Генрих внимательно взглянул на брата:
– А что, она тебе нравится? Хочешь, чтобы я отдал ее тебе?
– Она не худший вариант. Множество земель, множество влиятельной родни, и к тому же достаточно молода, чтобы родить полдюжины детей.
– Ты ведь еще не видел графиню в этот приезд?
Вильгельм мотнул головой:
– Нет, а что?
Генрих поморщился:
– Она до сих пор убита горем и стала такой костлявой, что похожа на тощую корову. Пока от нее не дождешься ни удовольствия, ни наследников.
– Но ты разрешишь мне ухаживать за ней, когда она закончит скорбеть о графе? – упорствовал Вилл. – Тощая она корова или нет, но подоить ее земли я бы все равно не отказался.
Генрих вскинул бровь:
– А ты малец не промах. Сколько вина ты выпил сегодня?
– Я не пьян. И я не малец.
Томас Бекет до сих пор слушал братьев молча, но теперь кашлянул, вступая в беседу:
– Такой брак запрещен. Графиня имеет близкую степень кровного родства с милордом.
– Ну и что? – нетерпеливо отмахнулся Генрих. – Мы с супругой тоже родственники, но это же не помешало Церкви обвенчать нас. А коли будет в том нужда, я сумею получить разрешение.

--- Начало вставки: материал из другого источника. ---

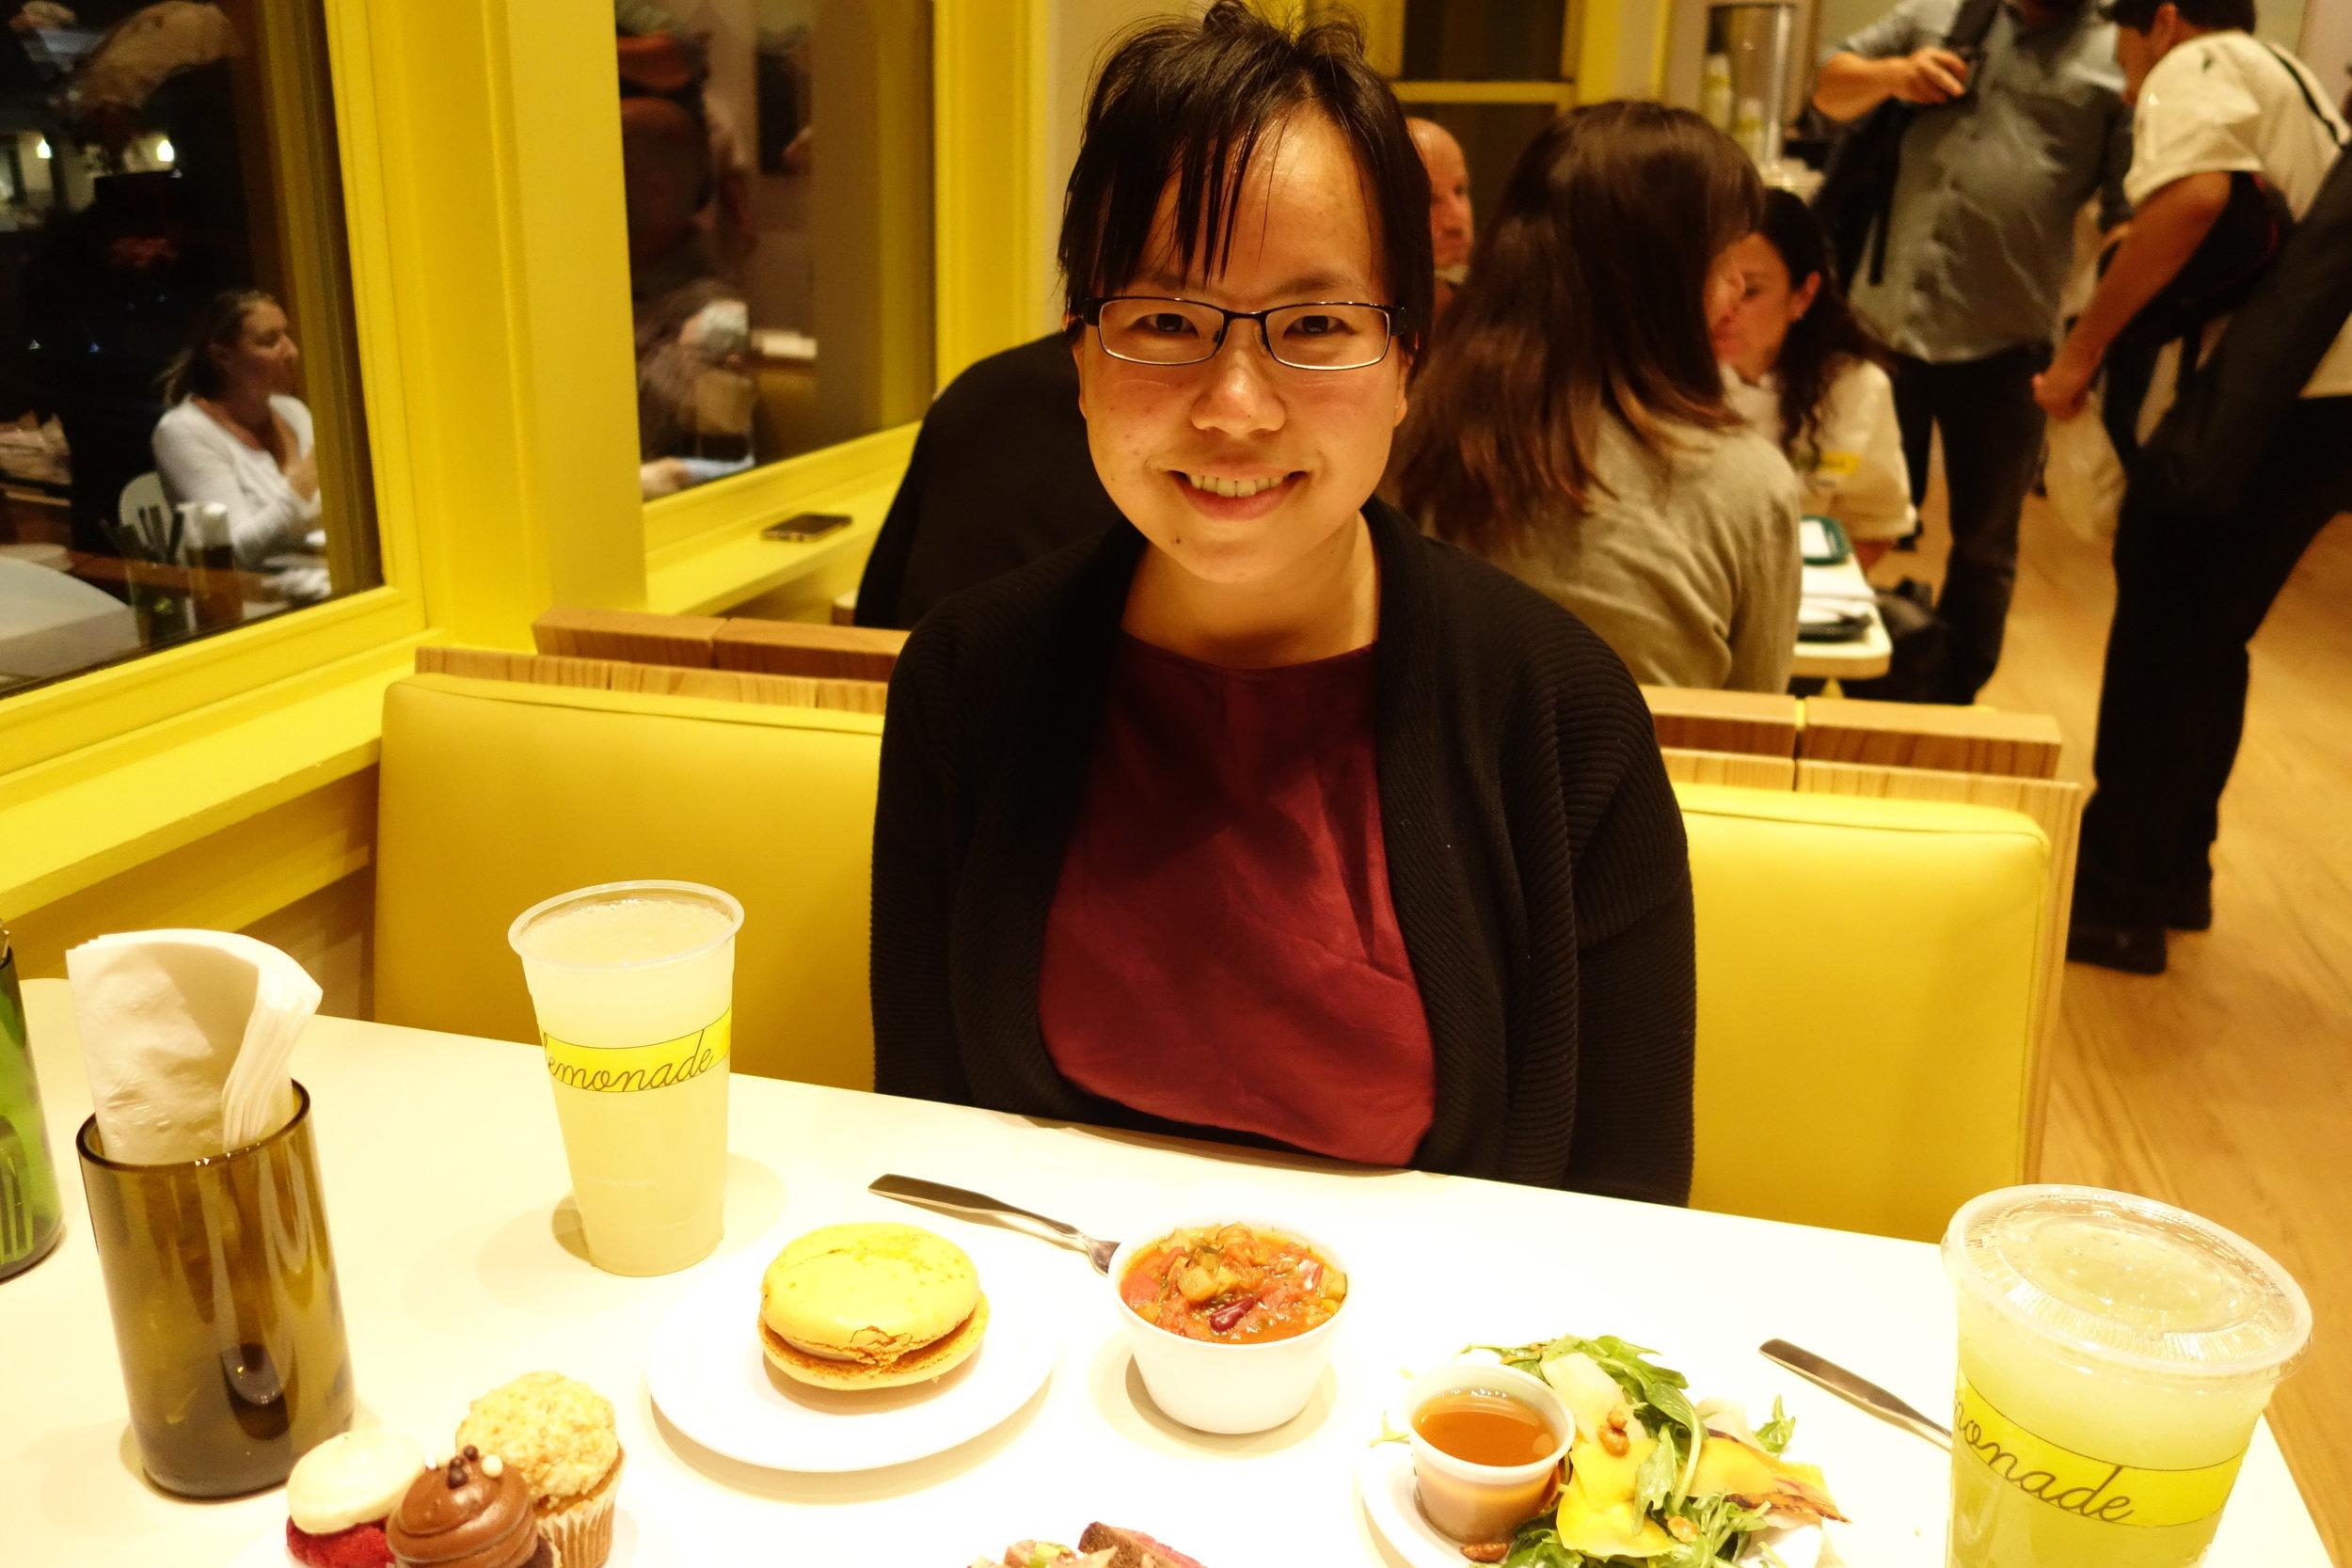 Sandy Leung, SF Food Photographer & Blogger for SandyByTheBay.com

– Я просто хотел отметить этот факт, сир.
– Не нужно напоминать мне о родословных. Думаешь, у меня в голове всего этого нет? – Он постучал себя по черепу. – Ты здесь не единственный осведомленный человек, Томас, хоть тебе и нравится так думать.
Бекет поджал губы.
Генрих опять повернулся к брату:
– Даю тебе свое согласие ухаживать за графиней де Варенн и взять ее в жены, но только после того, как закончится траур. А иначе меня королева замучает. Она и так сердится из-за брака Гарри с французской девчонкой. Женщины не умеют отличать голову от сердца.
– Я буду тактичным и предупредительным, как никогда. – Вильгельм прижал ладонь к груди и отвесил поклон. – Ни слова раньше времени. Со мной она узнает, что значит иметь в постели настоящего мужчину.
– У тебя есть месяц-другой, чтобы им стать, – язвительно бросил Генрих.
Вилл покраснел, но потом мотнул головой и потребовал, чтобы ему подлили вина. Бекет откланялся, сказав, что до сна ему еще нужно заняться делами.
Когда он ушел, возникшее было напряжение ослабло и вскоре вовсе растаяло, в большей степени потому, что Генрих перестал сердиться.
– Господь свидетель, я люблю Томаса, – сказал он. – Но любил бы его еще сильнее, кабы не был он таким напыщенным занудой. – Он добавил вина в свой кубок. – Не волнуйся о церковном разрешении на брак, Вилл, оно у тебя будет.
– Благодарю тебя. – Молодой человек бросился обнимать Генриха, но тот ловко уклонился от братских объятий.
– Сядь, пока не упал, – сказал он с усмешкой, и когда брат плюхнулся обратно на скамью, сам принялся расхаживать по комнате. – Наш кузен оставил горевать не только вдову, но и сестру.
Вильгельм непонимающе заморгал:
– Но она монахиня, настоятельница монастыря в Ромси.
– Да, в монастыре она уже почти десять лет. – Генрих в задумчивости теребил бороду. – Но я подумал, что может, теперь, унаследовав состояние брата, она не прочь будет вернуться в мир.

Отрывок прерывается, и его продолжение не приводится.